То, что налоговое бремя душит наше предпринимательство, – факт, и с ним надо что-то делать. Но схема «налогового государства», пусть и со сбоями работающая в Европе и Америке, у нас не сработает. У нас нет даже такой традиции, так как от слишком тяжелой подати всегда можно было сбежать в Дикое Поле. Введя прогрессивное налогообложение, мы столкнемся просто с массовой неуплатой, а попытка жесткого сбора приведет лишь к социальному взрыву и бегам взапуски. Кто в этом сомневается – пусть разок прокатится в подмосковной электричке.
Но высвобождения предпринимателей от налогового бремени, чтобы запустить экономический рост, надо добиваться обязательно. Возможно, здесь мог бы пригодиться старый русский опыт временной полной национализации доходов важнейших статей экспортной торговли, который позволил бы облегчить налоговое бремя, не убивая бюджет.

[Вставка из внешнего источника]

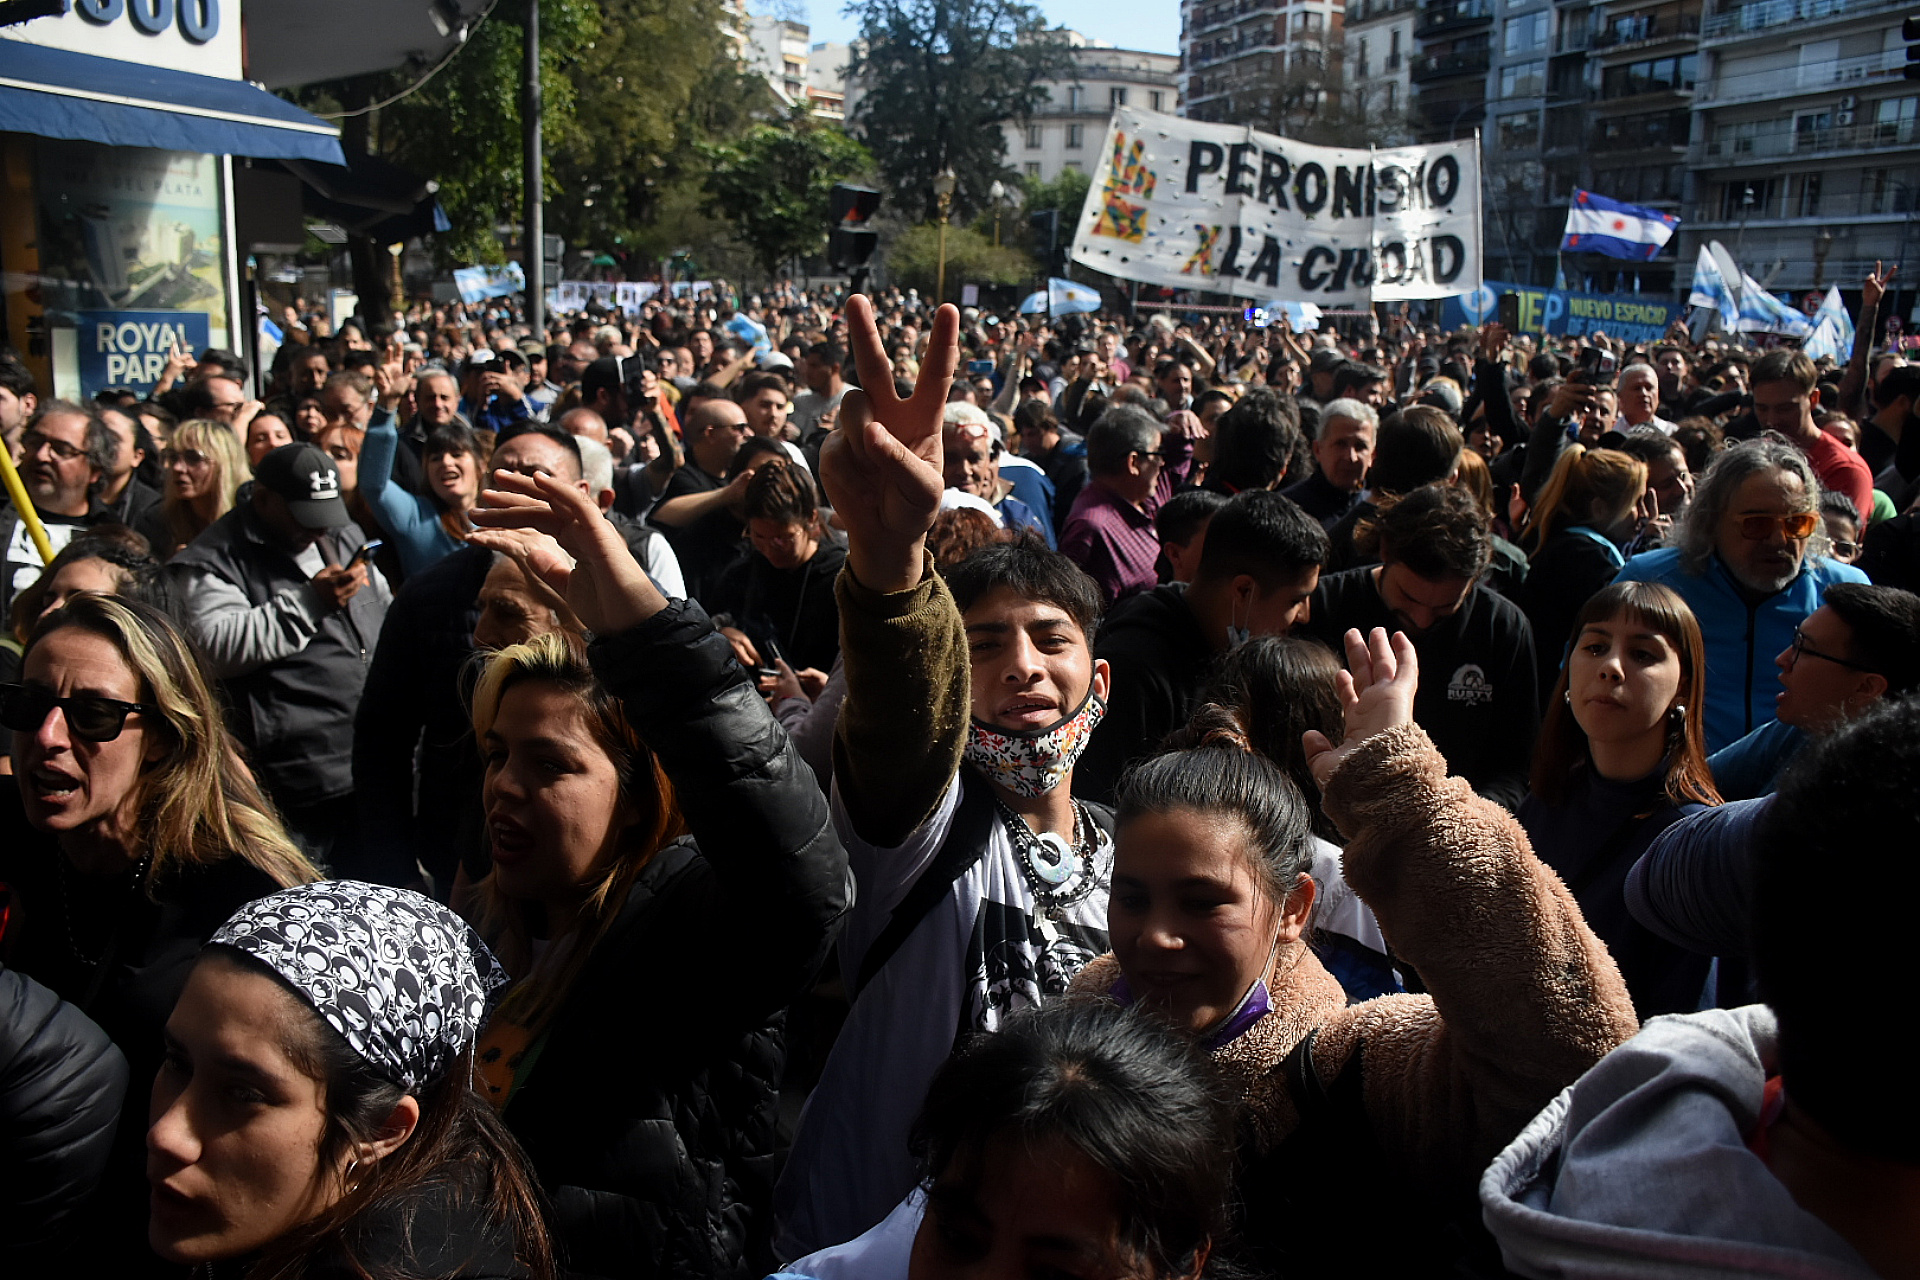 Los adherentes y militantes que apoyan a Cristina Kirchner fueron agolpándose durante la jornada alrededor de las calles de la Plaza Vicente López y Planes, que estaba cerrada al público
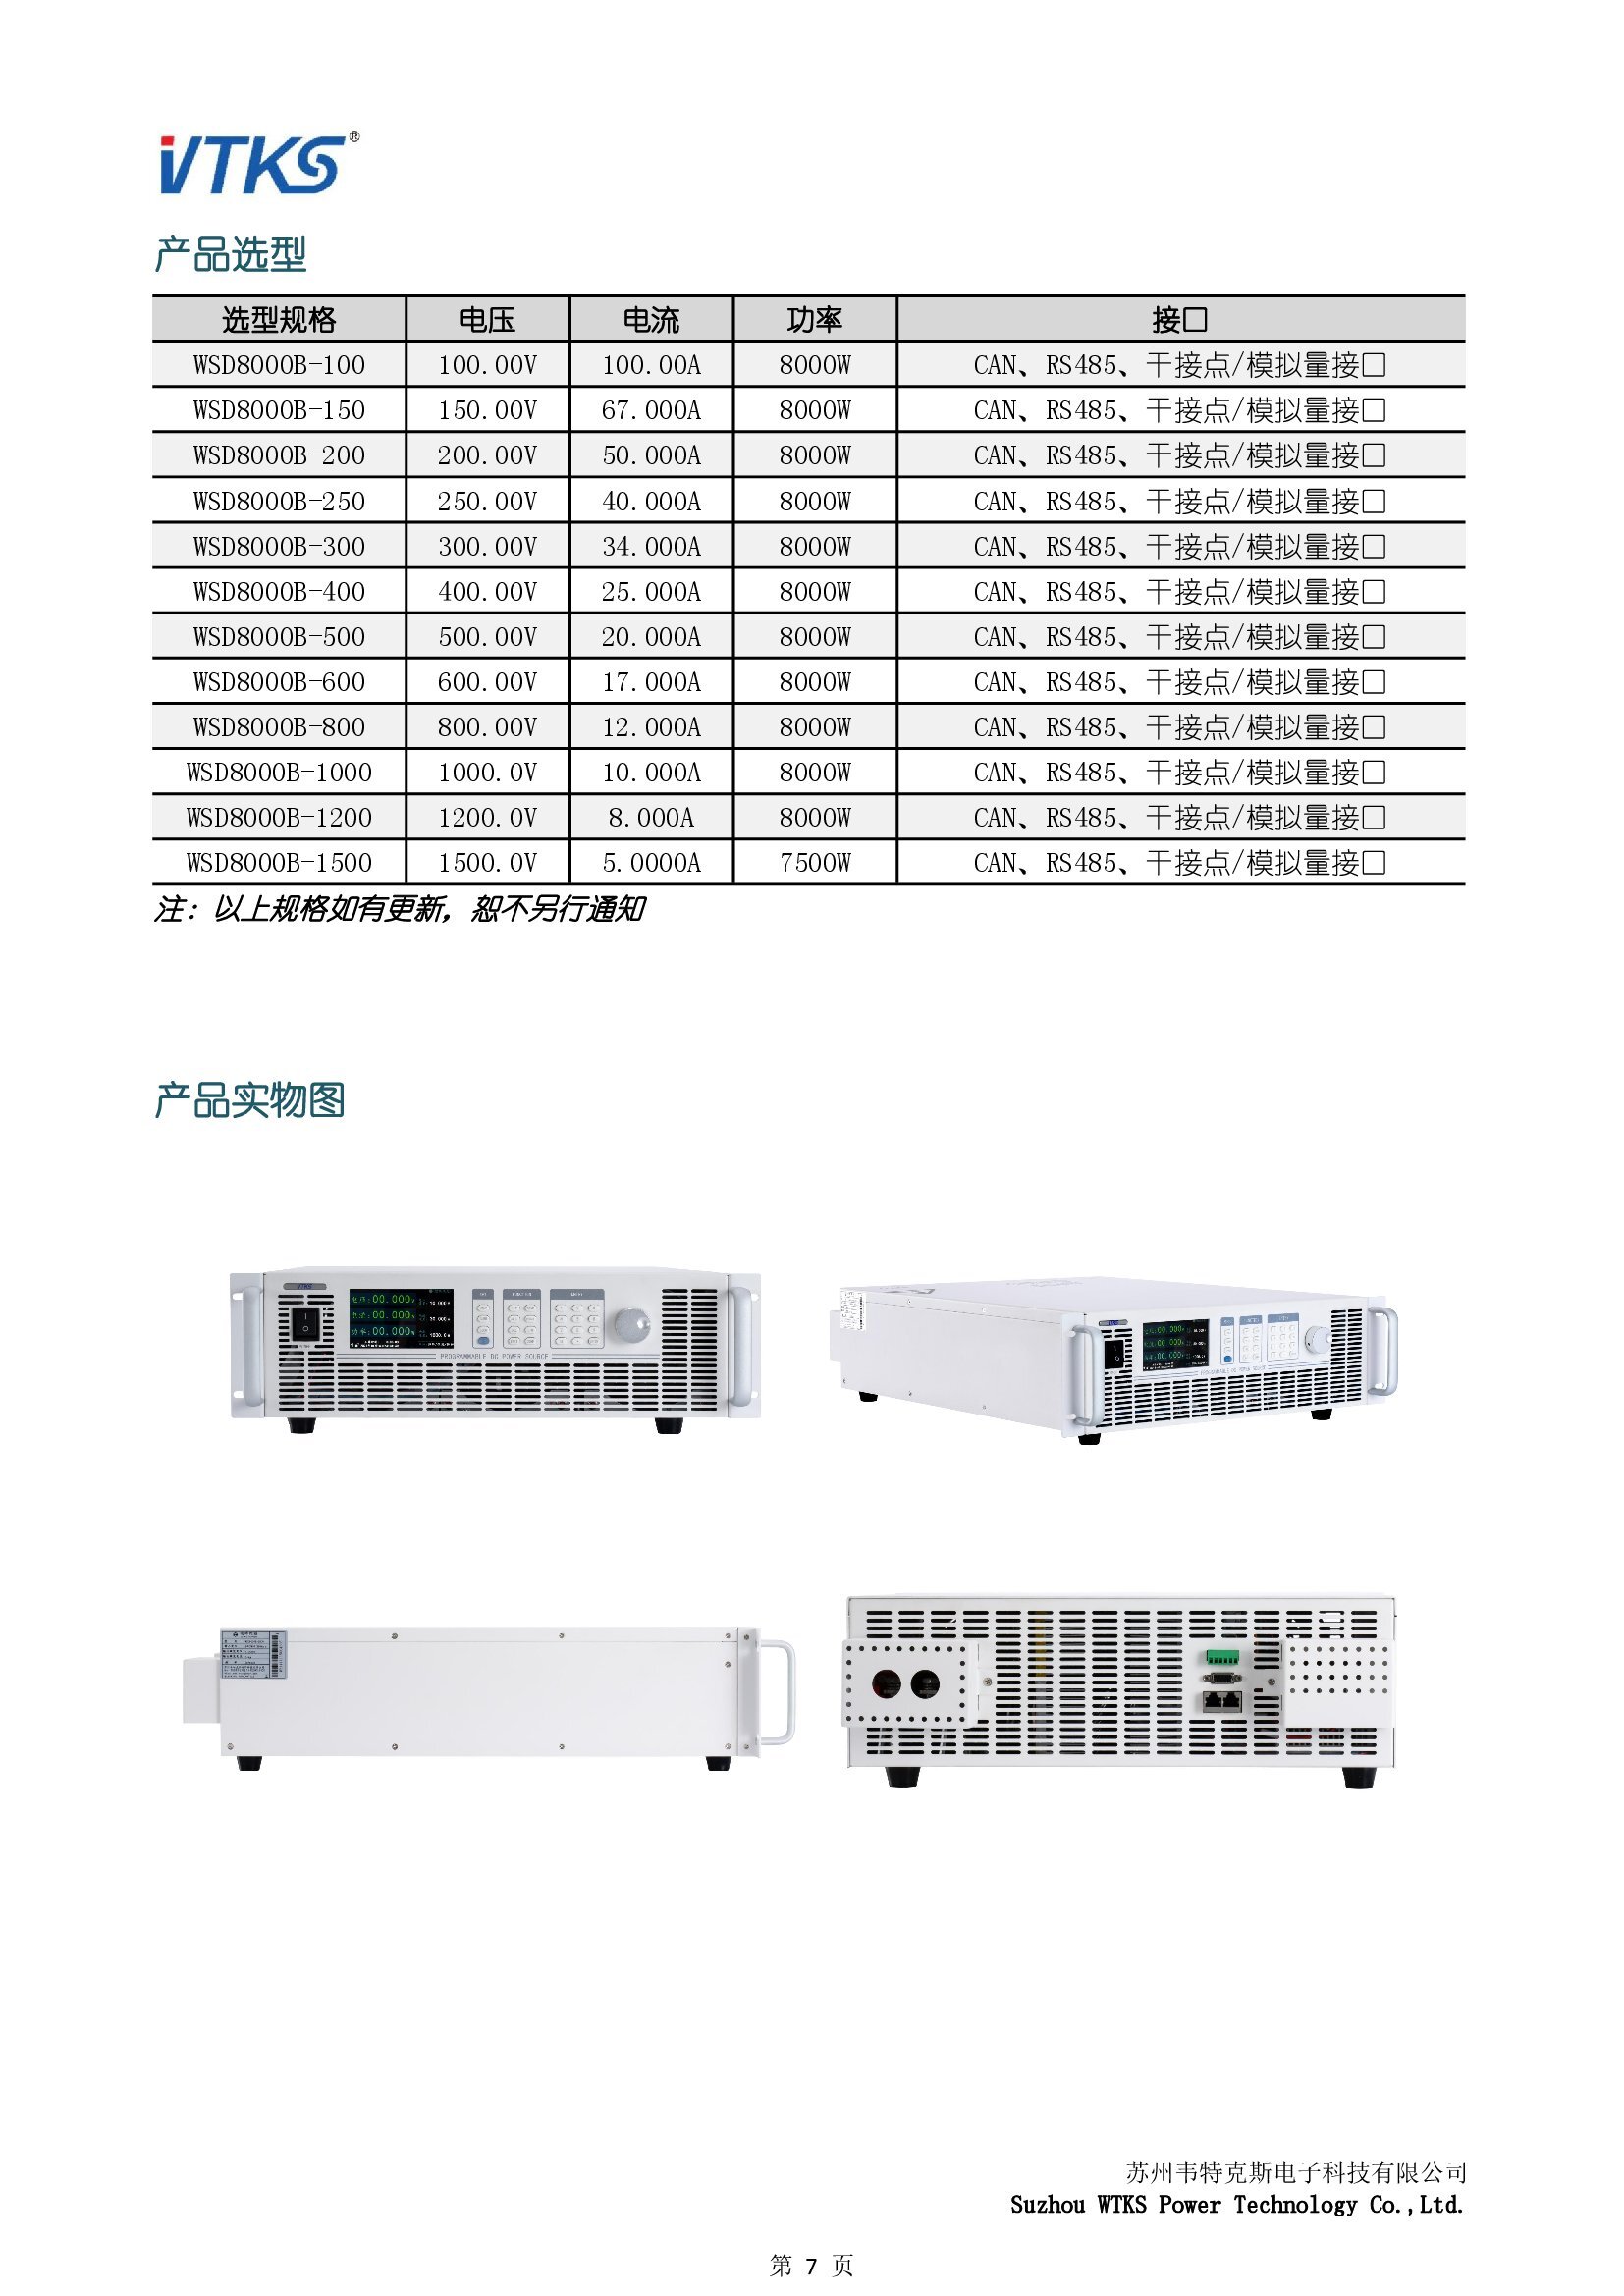 WSD8000B系列宽范围可编程直流电源技术资料_V1.14_00007.jpg

Именно к такому рецепту прибегло правительство царя Алексея Михайловича после Медного бунта 1662 года. Тогда страна, уже десятилетие ведшая войну за воссоединение Украины, оказалась на грани финансового и социального краха, вызванного гиперинфляцией введенной в обращение медной монеты.
Бунт в Москве показал, что нужно срочно восстанавливать серебряное обращение. И тогда русское правительство объявило на несколько лет государственную монополию на торговлю важнейшими экспортными товарами России: поташ, смольчуг, юфть, пеньку, сало и меха. Компенсацией промышленникам и купечеству стали более благоприятные условия торговли другими товарами, протекционистская защита внутреннего рынка.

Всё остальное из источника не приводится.